● **WORK INSTRUCTION**
Which lines run from the one with "W lewym górnym" through the end of the data? Retype them exactly, without pictures.

● **DATA EXTRACT**
--------------------------------------------------

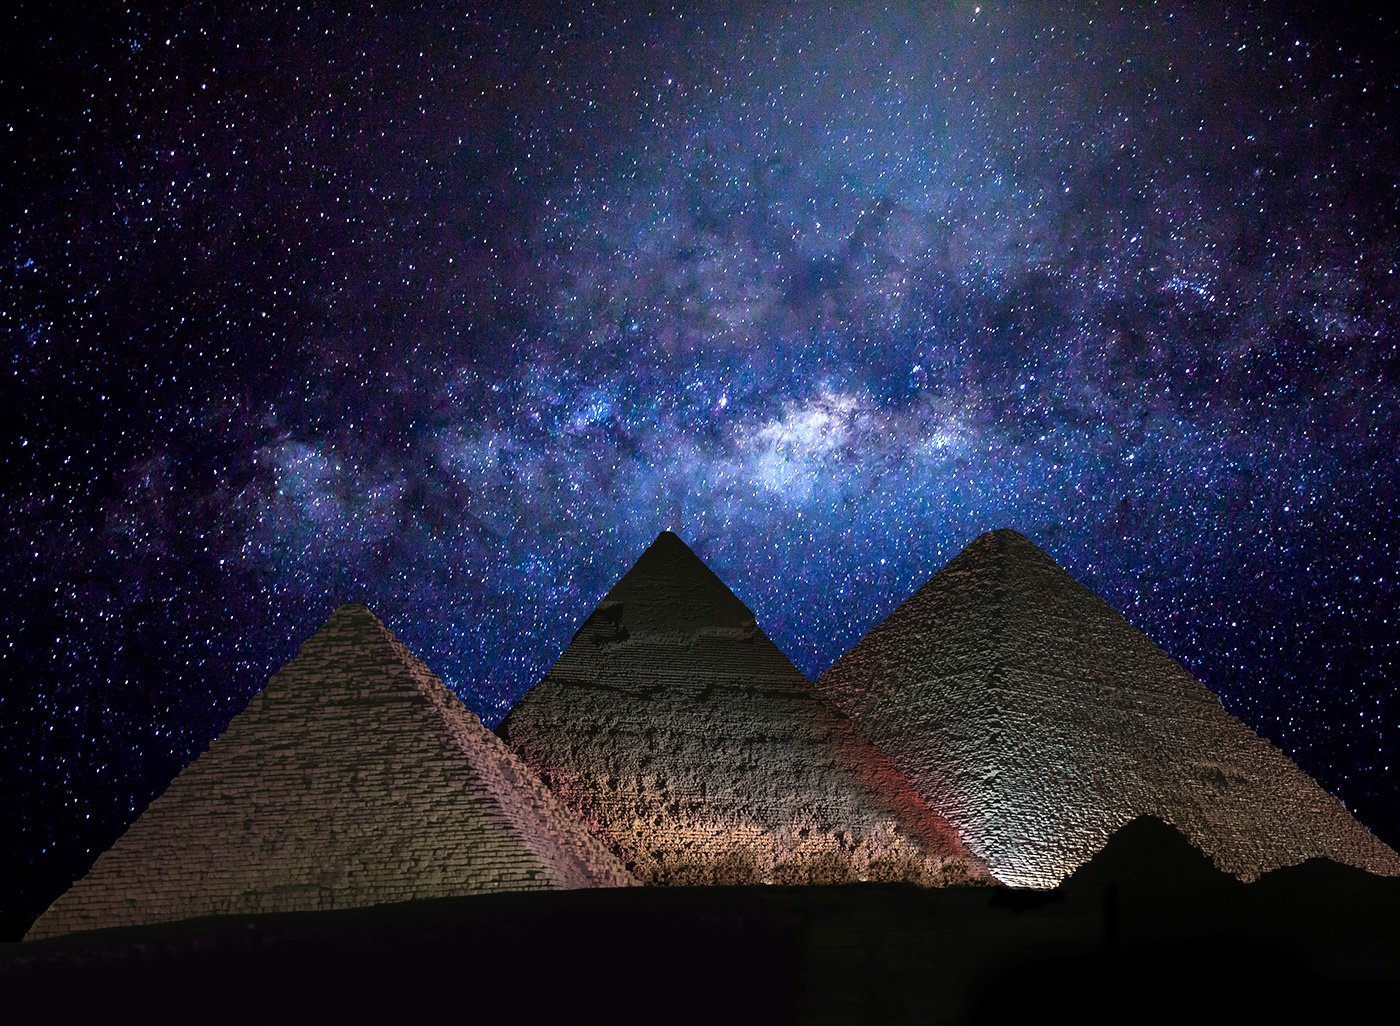 can i visit pyramids at night
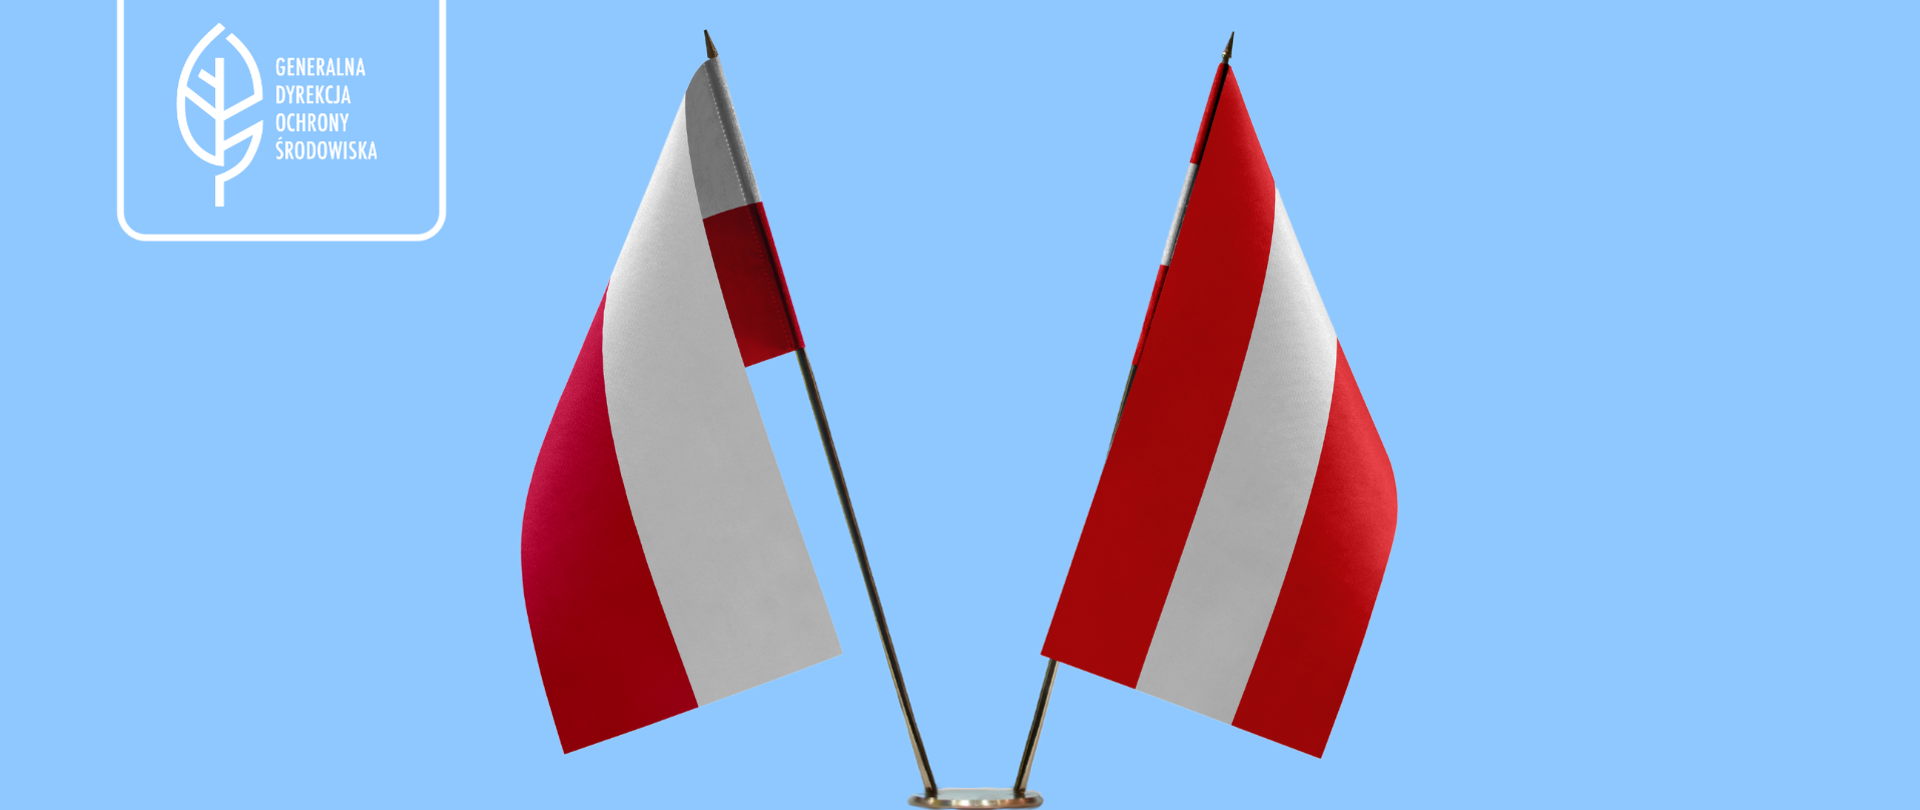 Na niebieskim na stojaku postawione są dwie flagi: Polski i Danii (obie w kolorach białym i czerwonym).
W lewym górnym rogu logotyp Generalnej Dyrekcji Ochrony Środowiska (biały liść).
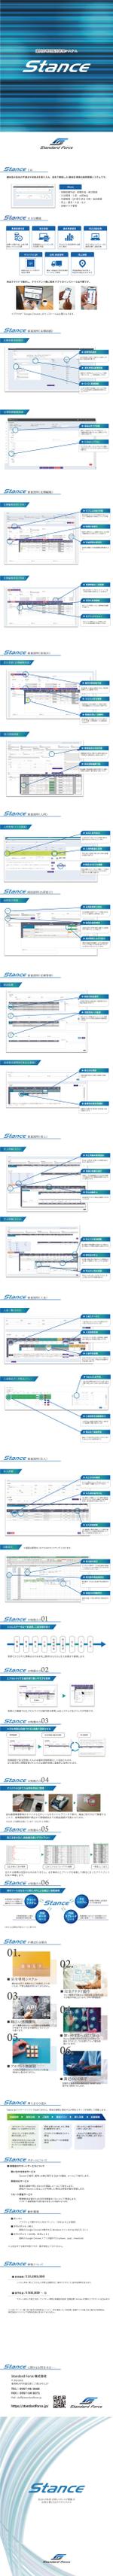 くみ (komikumi042)さんのクラウド型販売管理システム「Stance」のカタログデザインへの提案

--------------------------------------------------

● **EXERCISE OUTPUT**
W lewym górnym rogu logotyp Generalnej Dyrekcji Ochrony Środowiska (biały liść).
 くみ (komikumi042)さんのクラウド型販売管理システム「Stance」のカタログデザインへの提案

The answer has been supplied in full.